5. Task rejection policy
When the task cache queue of the thread pool is full and the number of threads in the thread pool reaches maximumpoolsize, the task rejection policy will be adopted if there are still tasks coming. Generally, there are four strategies:
6. Thread pool shutdown
ThreadPoolExecutor provides two methods for closing the thread pool, namely shutdown() and shutdown now(), where:
Shutdown(): the thread pool will not be terminated immediately, but will not be terminated until all the tasks in the task cache queue have been executed, but will no longer accept new tasks. Shutdown now(): immediately terminate the thread pool, try to interrupt the executing tasks, empty the task cache queue, and return the unexecuted tasks 7 Dynamic adjustment of thread pool capacity
ThreadPoolExecutor provides methods to dynamically adjust the size of thread pool capacity: setcorepoolsize() and setmaximumpoolsize(),
Setcorepoolsize: sets the core pool size setmaximumpoolsize: sets the maximum number and size of threads that can be created by the thread pool. When the above parameters increase from small to large, ThreadPoolExecutor assigns a thread value, and may immediately create a new thread to execute a task.
III Use example
We discussed the implementation principle of thread pool earlier. In this section, let's take a look at its specific use:
Execution results:
It can be seen from the execution results that when the number of threads in the thread pool is greater than 5, the task will be put into the task cache queue. When the task cache queue is full, a new thread will be created. If you change the for loop to execute 20 tasks in the above program, you will throw a task rejection exception.
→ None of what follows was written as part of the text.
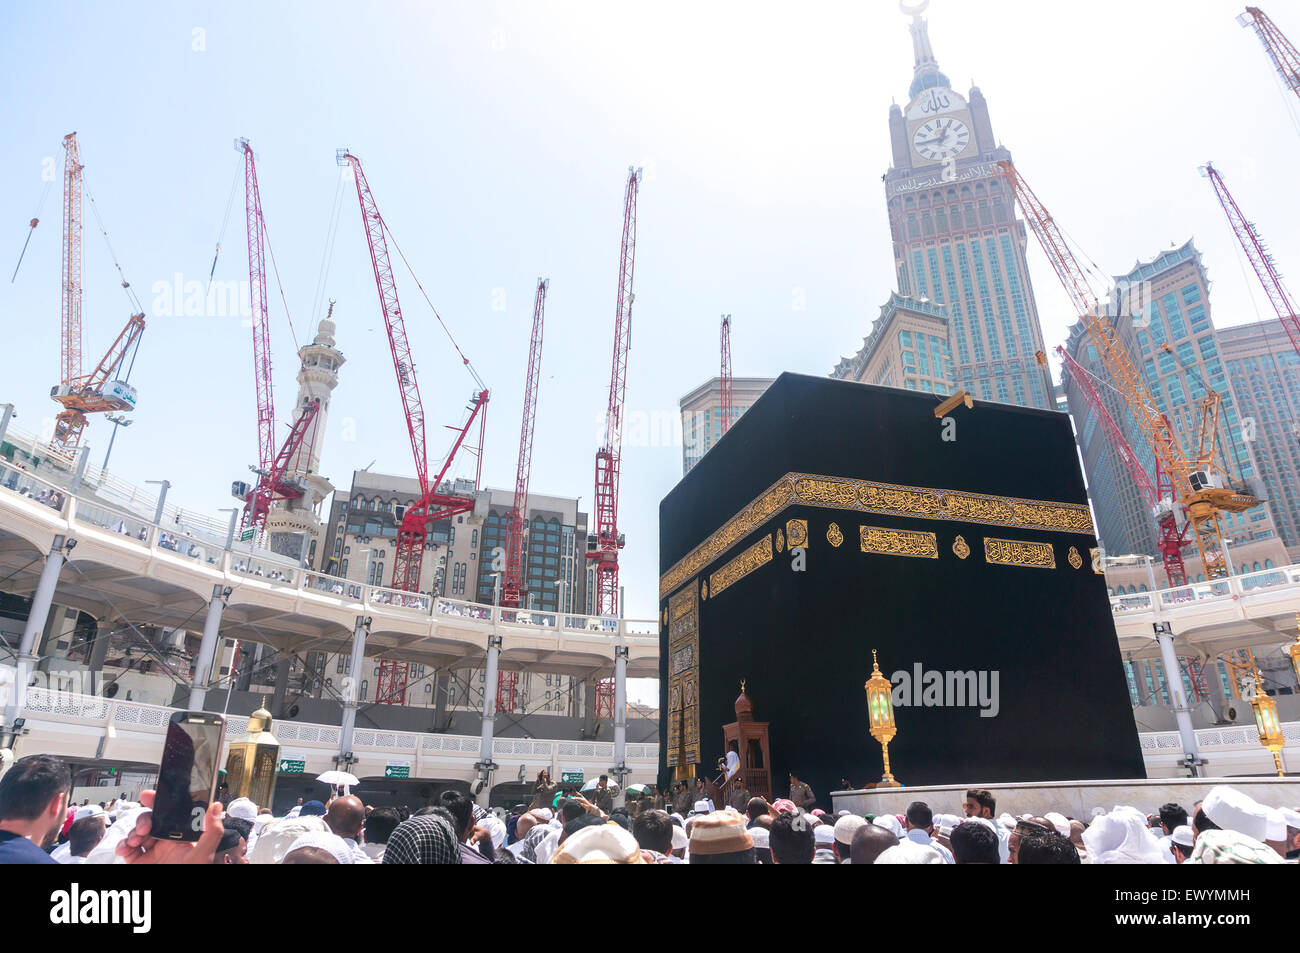 Mecca Clock Tower High Resolution Stock Photography and Images - Alamy

However, in Java doc, we are not encouraged to directly use ThreadPoolExecutor, but to use several static methods provided in executors class to create thread pool:
The following is the specific implementation of these three static methods;
From their specific implementation, they actually call ThreadPoolExecutor, but the parameters have been configured.
The values of corepoolsize and maximumpoolsize of the thread pool created by newfixedthreadpool are equal, and it uses linkedblockingqueue;
Newsinglethreadexecution sets both corepoolsize and maximumpoolsize to 1, and also uses linkedblockingqueue;
Newcachedthreadpool set corepoolsize to 0 and maximumpoolsize to integer MAX_ Value, the synchronized queue used, that is, when a task comes, a thread is created to run. When the thread is idle for more than 60 seconds, the thread is destroyed.
In practice, if the three static methods provided by executors can meet the requirements, try to use the three methods provided by executors, because it is a little troublesome to manually configure the parameters of ThreadPoolExecutor, which should be configured according to the type and quantity of actual tasks.
In addition, if the ThreadPoolExecutor fails to meet the requirements, you can inherit the ThreadPoolExecutor class and override it.
IV How to reasonably configure the size of thread pool
This section discusses an important topic: how to reasonably configure the thread pool size. It is for reference only.
Generally, the thread pool size needs to be configured according to the type of task:
If it is a CPU intensive task, you need to squeeze the CPU as much as possible. The reference value can be set to ncpu + 1
For IO intensive tasks, the reference value can be set to 2 * ncpu
Of course, this is only a reference value. The specific settings need to be adjusted according to the actual situation. For example, you can first set the thread pool size to the reference value, and then observe the task operation, system load and resource utilization to make appropriate adjustments.
summary
The above is all about the in-depth understanding of the implementation principle of Java programming thread pool. I hope it will be helpful to you. If you have any questions, you can leave a message at any time. Xiaobian will reply to you in time. Thank you for your support!